Inisial MDS menjadi sorotan publik setelah aksinya melakukan penganiayaan terhadap anak berusia 17 tahun berinisial D viral di media sosial. Pelaku merupakan anak dari seorang pejabat Direktorat Jenderal Pajak, Kementerian Keuangan.
Publik geram setelah tahu MDS suka pamer harta di media sosial. Publik juga ingin mengetahui asal-muasal kekayaan orang tua pelaku yang mencapai Rp56 miliar. Paduan anak-bapak ini kemudian menggerus kepercayaan publik terhadap otoritas pajak. “Saya menyadari bahwa tindakan putra saya yang salah sehingga merugikan orang lain, mengecewakan, dan menimbulkan kegaduhan di masyarakat,” kata orang tua pelaku dalam video singkat yang dibagikan staf khusus Menteri Keuangan Yustinus Prastowo, Kamis, 23 Februari 2023. Kementrian keuangan langsung mencopot orang tua pelaku sebagai pejabat eselon 2 yang menjabat sebagai Kepala Bagian Umum di Kantor Wilayah Direktorat Jenderal Pajak (DJP) Jakarta Selatan.Mengenai hal tersebut, pengamat pajak Center for Indonesia Taxation Analysis (CITA), Fajry Akbar, berspekulasi bahwa kasus ini akan merambat pada tingkat kepatuhan masyarakat untuk membayar pajak. “Hak masyarakat untuk kecewa, saya sendiri kecewa,” kata dia kepada wartawan, Senin (27/2/2023).
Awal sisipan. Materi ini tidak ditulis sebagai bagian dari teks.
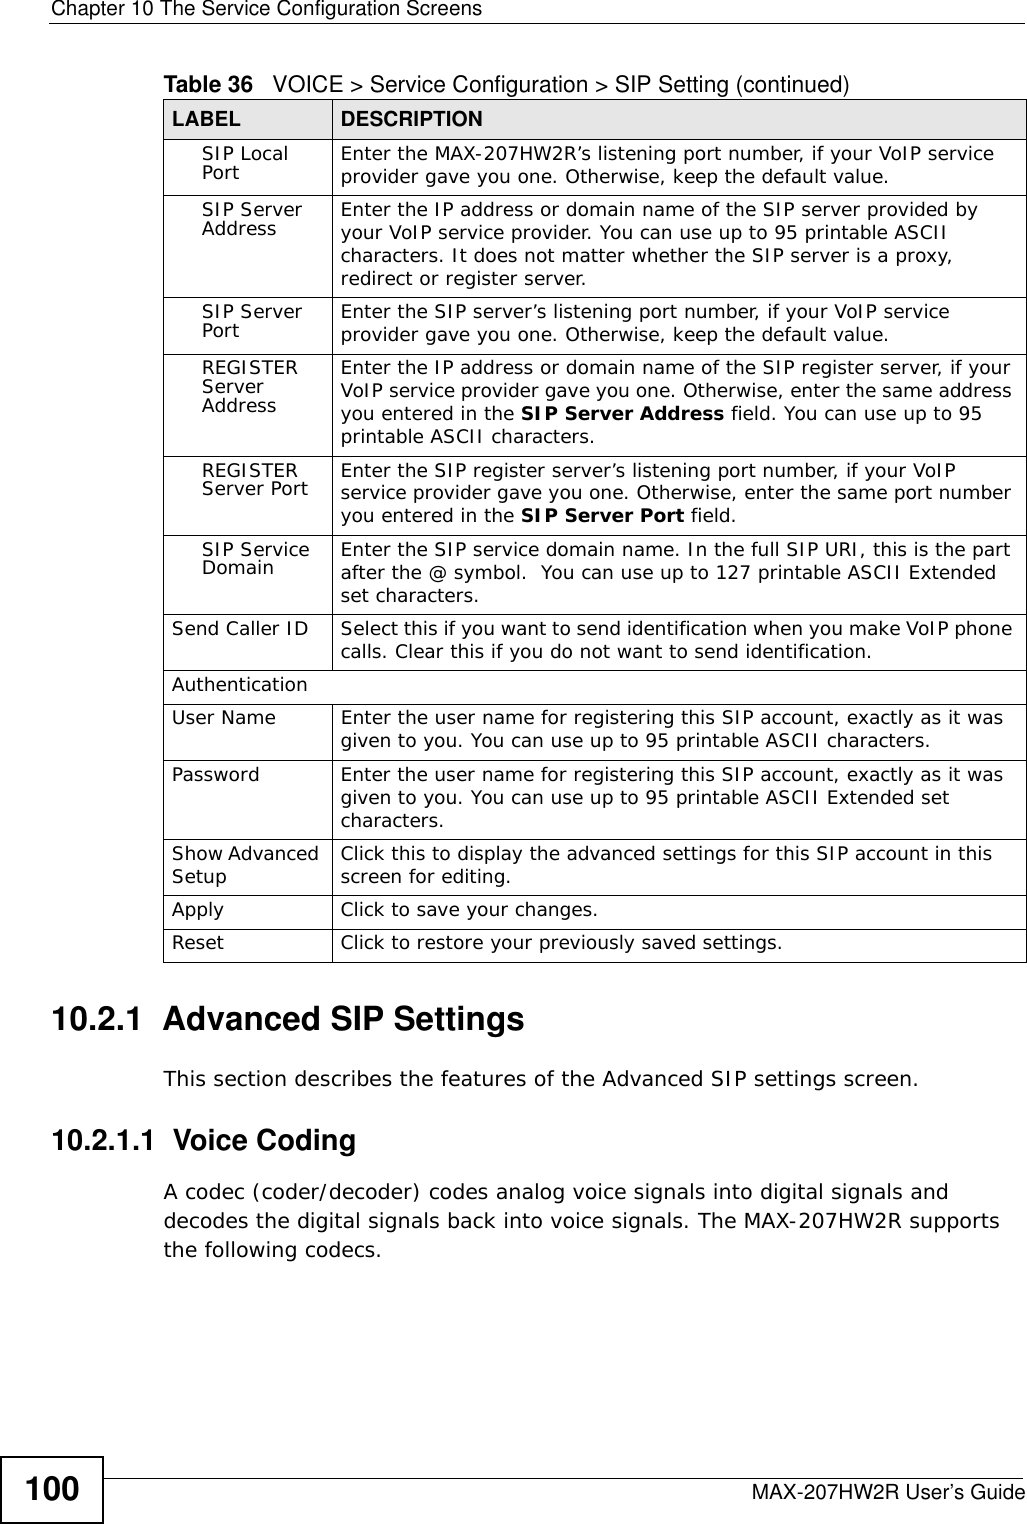 Chapter 10 The Service Configuration ScreensMAX-207HW2R User’s Guide10010.2.1  Advanced SIP SettingsThis section describes the features of the Advanced SIP settings screen.10.2.1.1  Voice CodingA codec (coder/decoder) codes analog voice signals into digital signals and decodes the digital signals back into voice signals. The MAX-207HW2R supports the following codecs.SIP Local Port Enter the MAX-207HW2R’s listening port number, if your VoIP service provider gave you one. Otherwise, keep the default value.SIP Server Address Enter the IP address or domain name of the SIP server provided by your VoIP service provider. You can use up to 95 printable ASCII characters. It does not matter whether the SIP server is a proxy, redirect or register server.SIP Server Port Enter the SIP server’s listening port number, if your VoIP service provider gave you one. Otherwise, keep the default value.REGISTER Server AddressEnter the IP address or domain name of the SIP register server, if your VoIP service provider gave you one. Otherwise, enter the same address you entered in the SIP Server Address field. You can use up to 95 printable ASCII characters.REGISTER Server Port Enter the SIP register server’s listening port number, if your VoIP service provider gave you one. Otherwise, enter the same port number you entered in the SIP Server Port field.SIP Service Domain Enter the SIP service domain name. In the full SIP URI, this is the part after the @ symbol.  You can use up to 127 printable ASCII Extended set characters.Send Caller ID Select this if you want to send identification when you make VoIP phone calls. Clear this if you do not want to send identification.AuthenticationUser Name Enter the user name for registering this SIP account, exactly as it was given to you. You can use up to 95 printable ASCII characters.Password Enter the user name for registering this SIP account, exactly as it was given to you. You can use up to 95 printable ASCII Extended set characters.Show Advanced Setup Click this to display the advanced settings for this SIP account in this screen for editing.Apply Click to save your changes.Reset Click to restore your previously saved settings.Table 36   VOICE &gt; Service Configuration &gt; SIP Setting (continued)LABEL DESCRIPTION

Terlepas dari kasus di atas, penulis ingin memberikan
pandangan mengenai mengapa orang kaya dapat bersikap semena-mena dengan
mengandalkan kekayaannya. Orang dengan kekayaan di atas rata-rata cenderung
memiliki sifat serakah.
Menurut David M. Mayer, seorang professor di Universitas Michigan, sifat
serakah mendorong mereka untuk lebih permisif terhadap pelanggaaran norma,
terutama pelanggaran hukum. Mereka memiliki beberapa privilese. Bentuknya dapat
bermacam-macam, ada berupa harta, jabatan, akses ke institusi yang elite, hingga
koneksi ke orang-orang yang penting. Hal tersebut membuat orang kaya memiliki
“sense of entitlement” atau cenderung merasa lebih berhak mendapat perlakuan
spesial dibandingkan pada orang biasa.
Banyak dari mereka yang menunjukkan sifat narsistik merasa lebih berkuasa, atau rentan menyalahgunakan kekuasaan. Dampak sifat narsistik tersebut antara lain mudah bertindak seenaknya seakan-akan kebal dari berbagai macam konsekuensi. Apalagi dengan adanya penerapan restorative justice yang dilakukan oleh lembaga pelaksana hukum di Indonesia yaitu Kejaksaan Agung. Menurut Michael W. Kraus dan teman-teman, sumber daya dapat menentukan perilaku seseorang. Orang-orang kelas atas cenderung melihat ke dalam dirinya sendiri sehingga mereka cenderung memandang dunia menggunakan kacamata sendiri. Sikap yang dimiliki orang biasa dengan orang kelas atas sangat berbeda. Orang kelas atas tidak terbiasa untuk adaptif di lingkungannya sehingga mereka selalu nyaman dengan lingkungan mereka sendiri. Ketika mereka tidak berada di lingkungan nyamannya, mereka akan memaksa untuk nyaman dengan cara menggunakan kekayaannya ataupun kekuasaanya.
Pada akhirnya, kekayaan sendiri
dapat menjadi pisau bermata dua. Di satu sisi, dia dapat menjadi pendukung
kehidupan kita. Di sisi yang lain, dia dapat menjadi pisau yang akan siap
menusuk pemiliknya. Selalu ingat apa kata aktor klasik Indonesia, yaitu Kasino
“Ah udah gak usah lu pikirin, memang begitu anak orang kaya, kelakuannya suka
tengil, kayak duit bapaknya halal aja”.